*Recorded information*:
----------

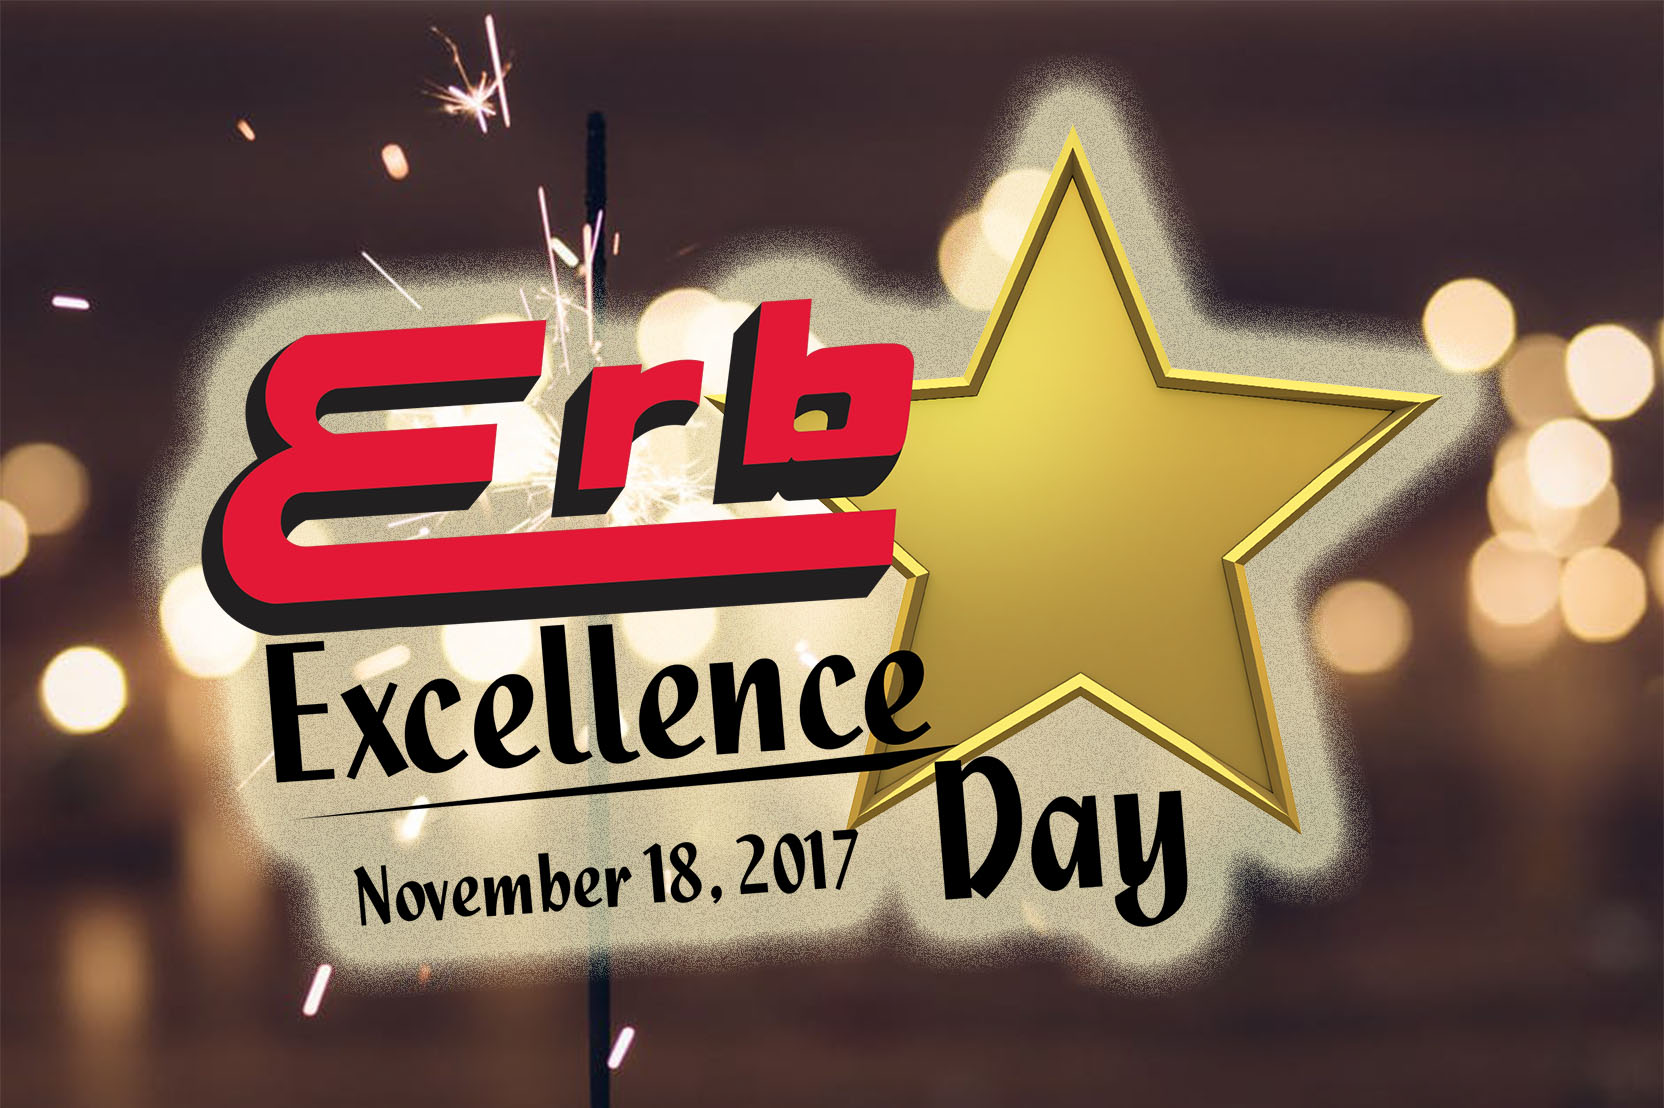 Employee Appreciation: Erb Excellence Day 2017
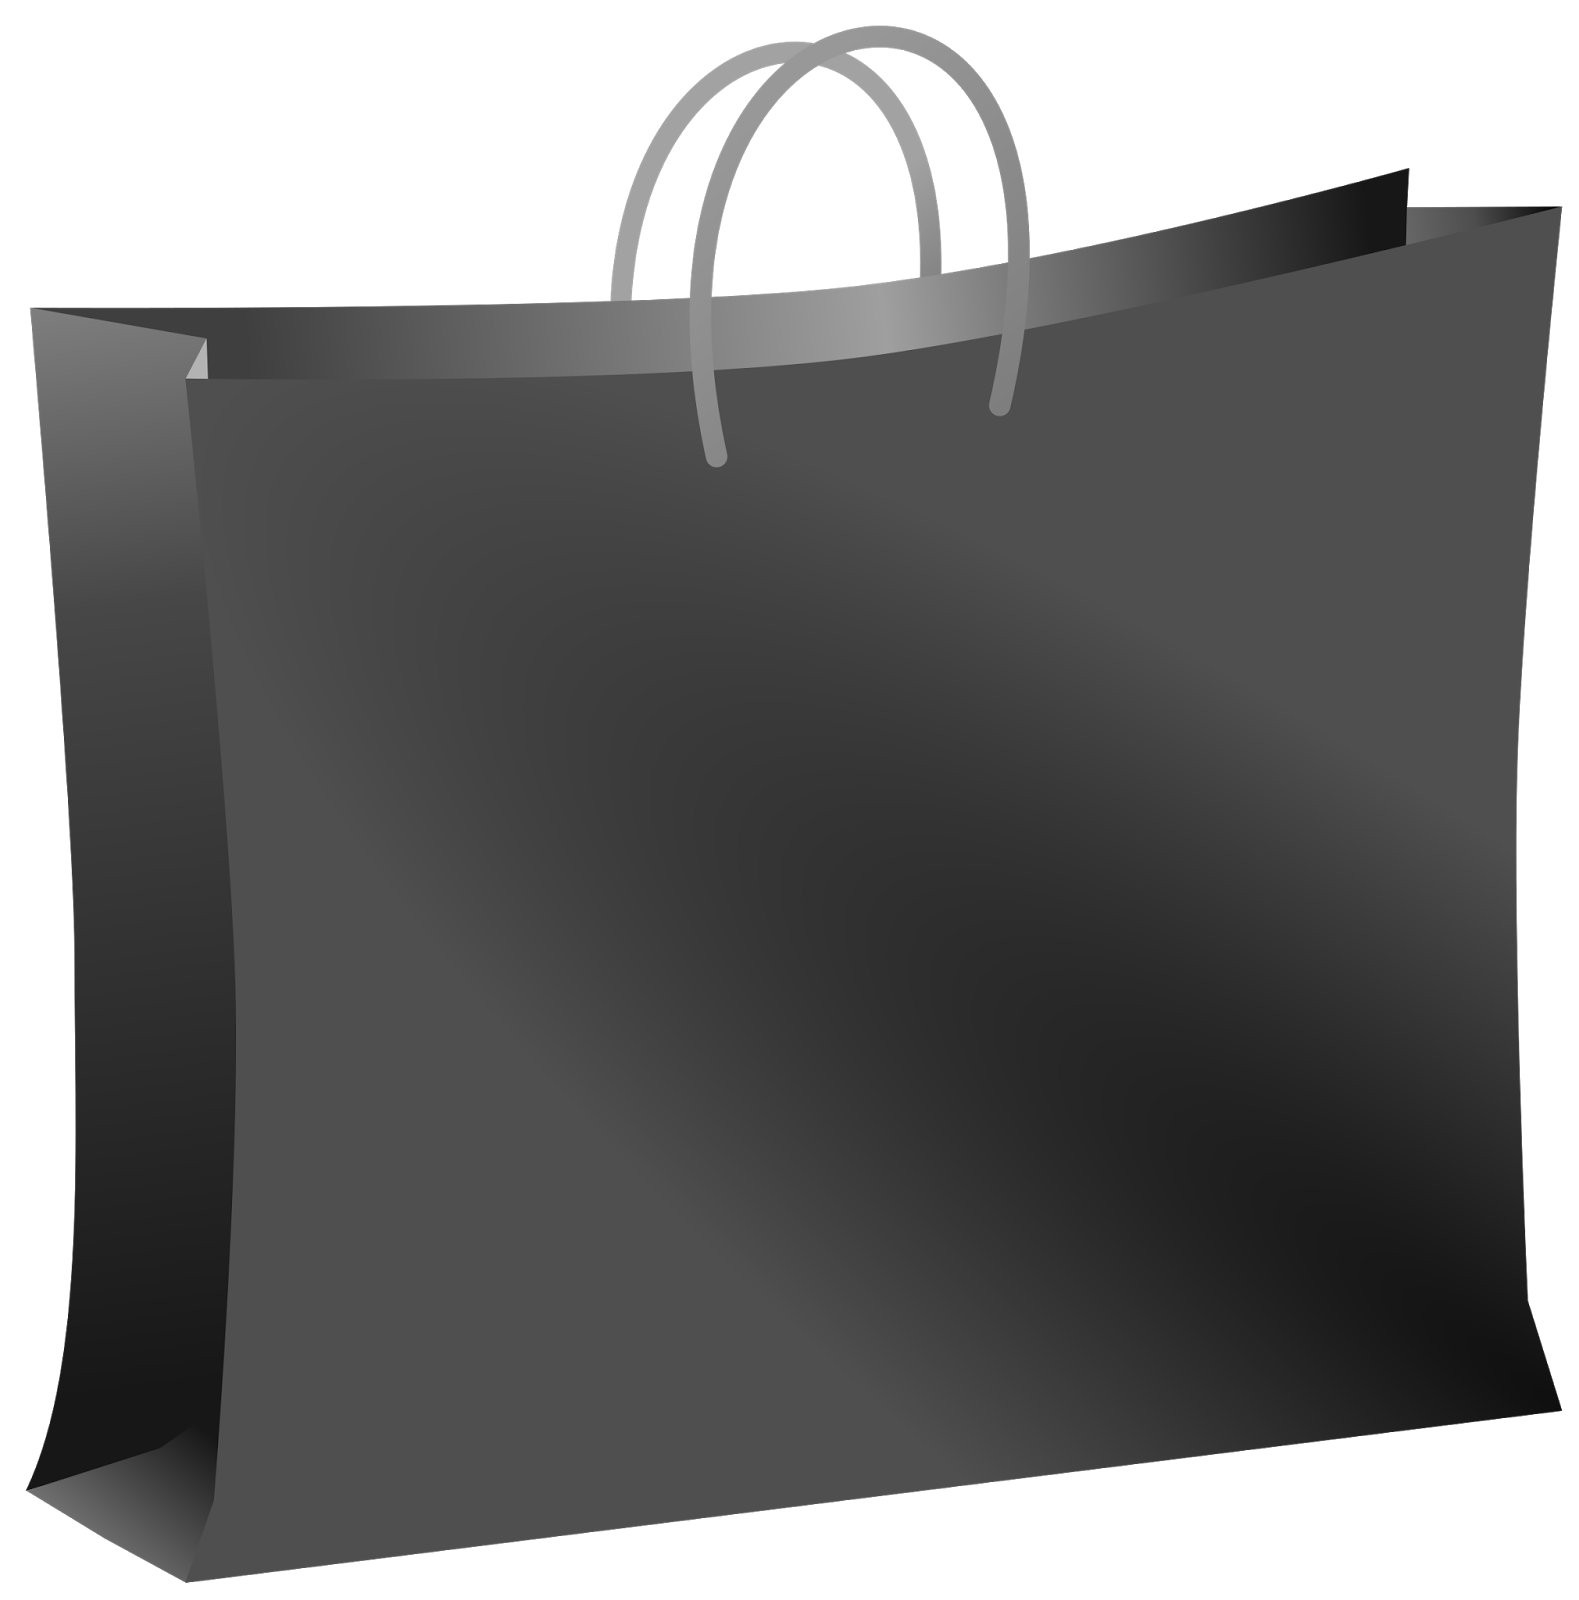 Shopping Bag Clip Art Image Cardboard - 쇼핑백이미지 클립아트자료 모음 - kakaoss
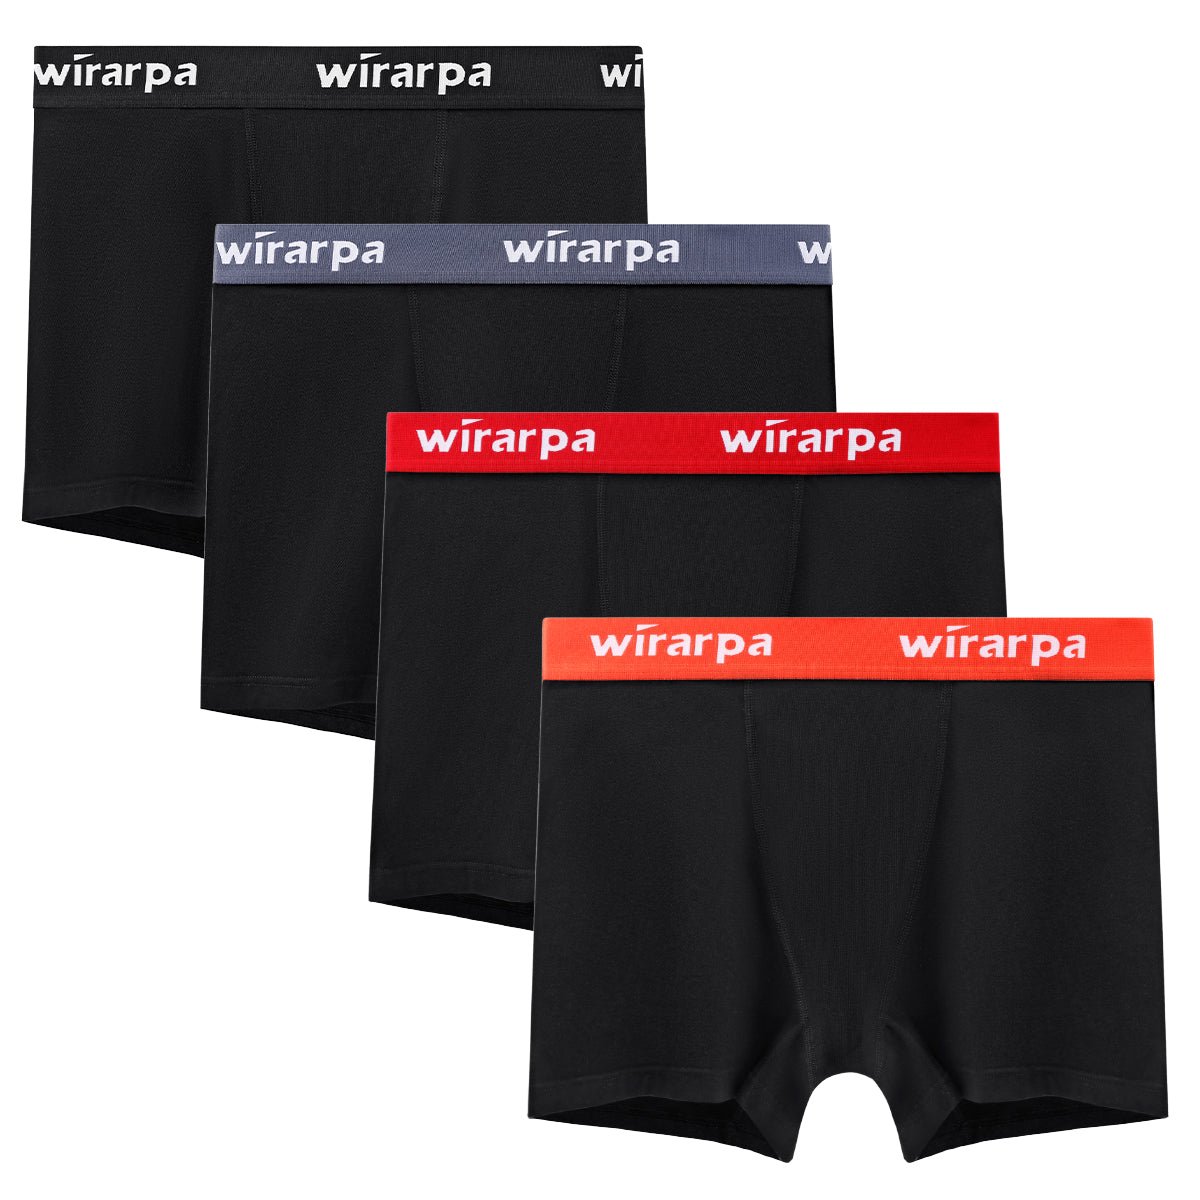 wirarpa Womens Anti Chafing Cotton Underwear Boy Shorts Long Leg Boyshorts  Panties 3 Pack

----------

*Requirement*: Please retype the whole listing above word for word and drop the pictures.

*Response to this exercise*:
 Employee Appreciation: Erb Excellence Day 2017
 Shopping Bag Clip Art Image Cardboard - 쇼핑백이미지 클립아트자료 모음 - kakaoss
 wirarpa Womens Anti Chafing Cotton Underwear Boy Shorts Long Leg Boyshorts  Panties 3 Pack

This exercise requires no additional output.